Cejrowski wystąpił w koszulce z Matką Boską. Powiedział, że nie należy do żadnej partii politycznej, ale należy do Kościoła katolickiego i dlatego będzie głosował na brata z tego samego Kościoła. Takim bratem jest dla niego Marek Jurek z Prawicy Rzeczpospolitej - jedyny polityk, który bronił papieża Benedykta XVI, "gdy dostawał po ryju od chamów.". Prawdopodobnie Cejrowskiemu chodziło mu o spór związany z wizytą papieża w Afryce i albo o jego stosunek do lefebrystów. Dodał, że Jurek broni życia, a "jeśli wyskrobiesz życie, autostrady nie mają sensu".
>>>Geje piszą do TVN: Wyrzućcie Cejrowskiego!
Polska Partia Pracy pokazała rannego w wypadku, który w karetce wyglądał jak zombie. Kiedy system podtrzymywania życia stanął, ranny musiał włożyć do automatu 5 złotych. PPP opatrzyło to komentarzem wzywającym do protestowania przeciwko prywatyzacji służby zdrowia.
Libertas nazwał kandydatkę PO - Danutę Huebner czerwoną komisarz.

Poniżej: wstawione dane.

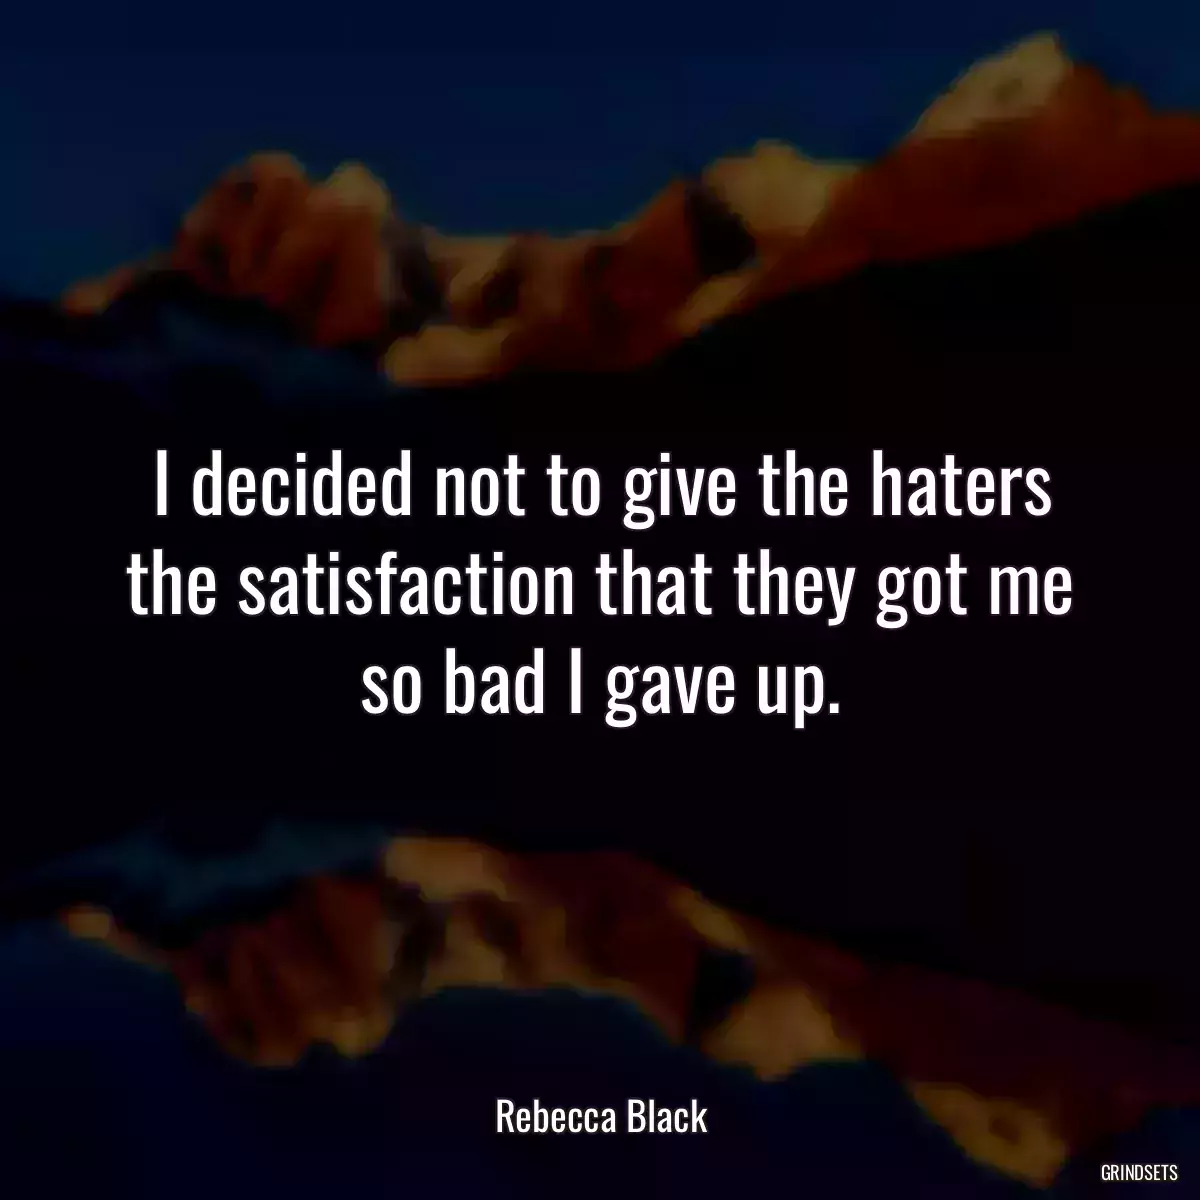 I decided not to give the haters the satisfaction that they got me so bad I gave up.

Przypomniał, że należała ona do PZPR, a Artur Zawisza nazwał ją wprost - "hańbą dla Warszawy".
Samoobrona straszyła wyborców widokiem pustostanów, a Andrzej Lepper przeprosił wyborców za... wspólne rządy z PiS. SLD też straszył - widokiem pustych hal fabrycznych. Na tym tle spoty wyborcze PiS, PSL i PO był bardzo wytonowane. Uśmiechnięty Michał Kamiński namawiał do głosowania na samego siebie. Natomiast Donald Tusk powoływał się na słowa Jana Pawła II, który mówił, że Polska potrzebuje przemiany.